The sun, bright through the naked window, does seem to be throwing the shadow of a coned hat across the light and dark of the room. In this scenario the cat is definitely black.

The plain truth is that the cat is on a diet. The cat must lose 300g in weight. The woman is doing her best to make that happen. She doesn’t always get it right. The cat is the only corporeal thing in the woman’s life right now. Sometimes the woman buries her face in the cat’s soft white underbelly and weeps. Or does she?

Beneath the woman’s feet are wooden floorboards. Beneath those, a child is laughing. A younger child is singing. It’s not possible to know whether they are boys or girls or one of each. You assume that that the children are alive. I’ve already told you that the woman is on the top floor, looking out. But if the woman is indeed a witch, the evil kind, even though the cat’s only on a diet, the children may be dead. Dead and dried and mewling. Wraiths warbling up out of the black ash and crushed shells that separate this floor from the one below.
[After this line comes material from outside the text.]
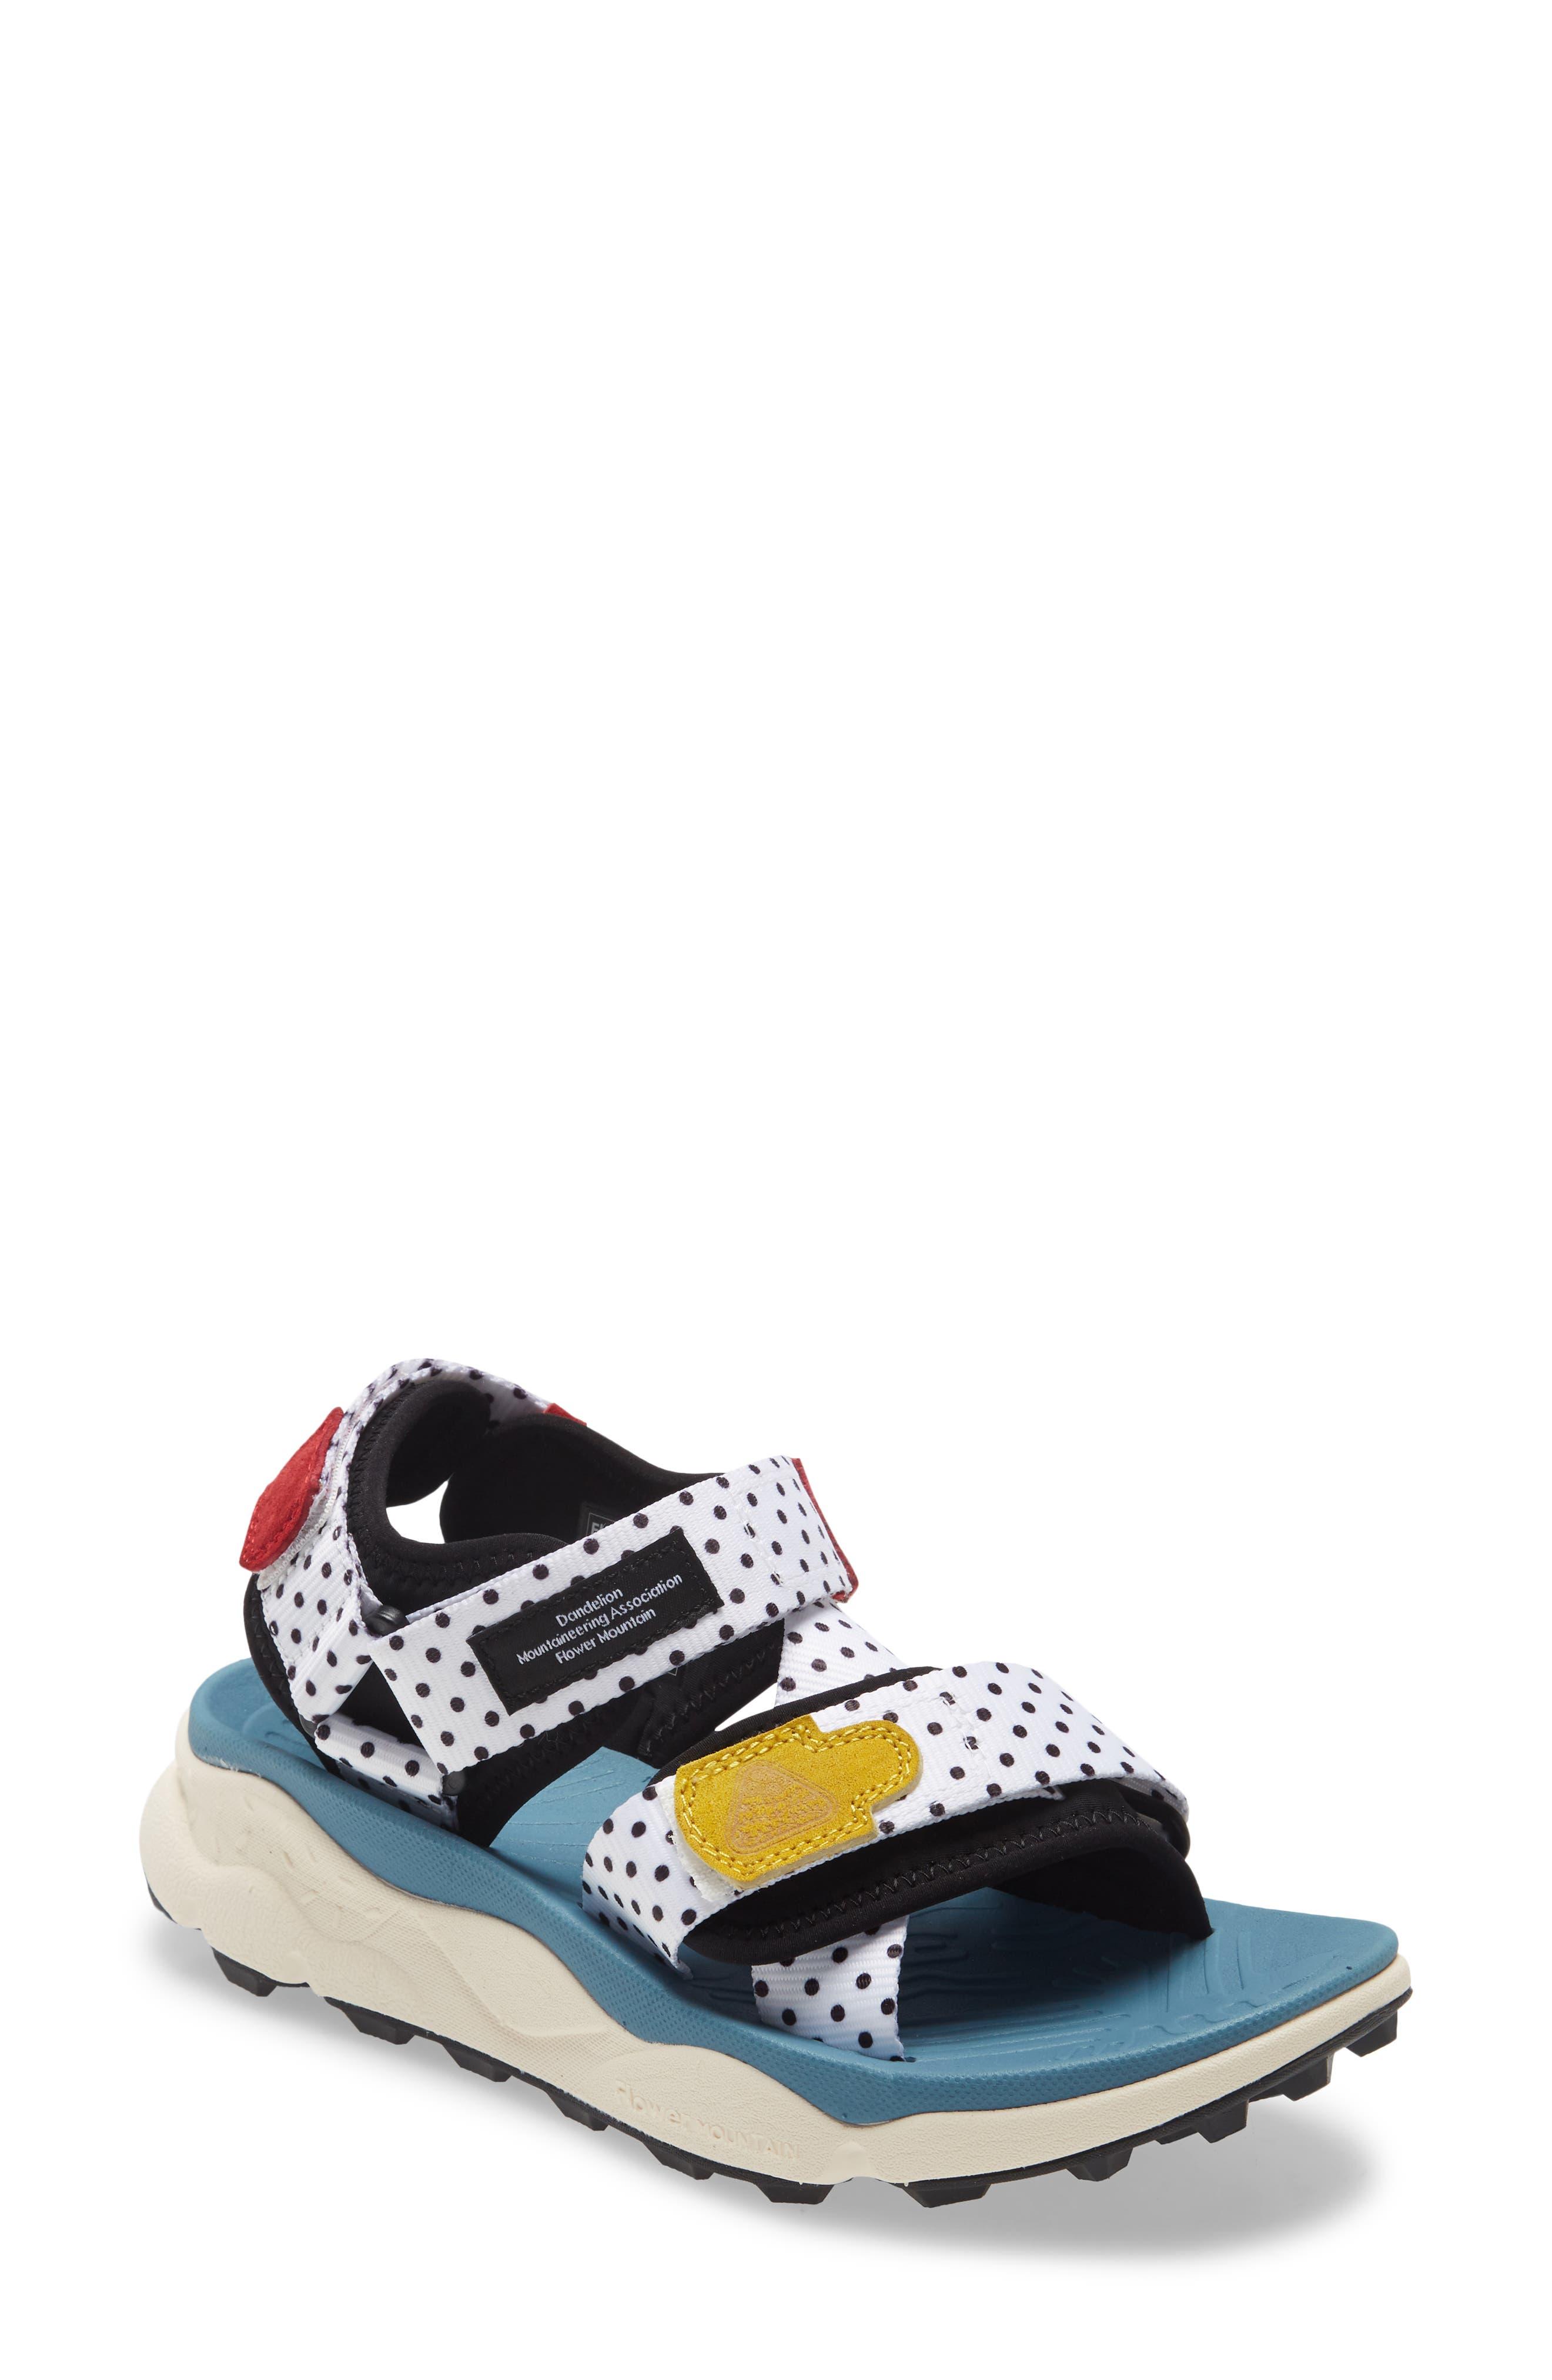 Nazxa 2 Sandal

But in this time of pandemonium and pandemics and a run on pancake flour,  desiccated children are simply not required. Readers, and I include you in this, need to be consoled, cossetted, wrapped up with velvety words and slubs of reassurance. There are no dead children under the floor boards. If there had been, I would have been sure to mention the smell.

The other sound, above what is a rather lovely tinkle of young children being young, is the wind. The zephyr, thrilled finally to be taking centre-stage, is poking around the corbels, rattling spits of gravel on the window ledge, sending wisps of plastic whimsy spinning and whirling above the empty street. The woman opens the window to let the new sounds in. The swathe of silence inside has been in danger of becoming a shroud.

A pigeon lands on the guttering. The woman hears the bird’s toes click and curl around the lead rim. The woman catches the pigeon’s eye. The woman and pigeon sit there for a long time, eye to eye. The woman is pondering the shape and colour of the pigeon’s soul.  You’ll have to decide for yourself what the pigeon is pondering, if anything. They sit together for longer than is comfortable for the woman. Less so, perhaps, for the pigeon. But the woman cannot stop looking out.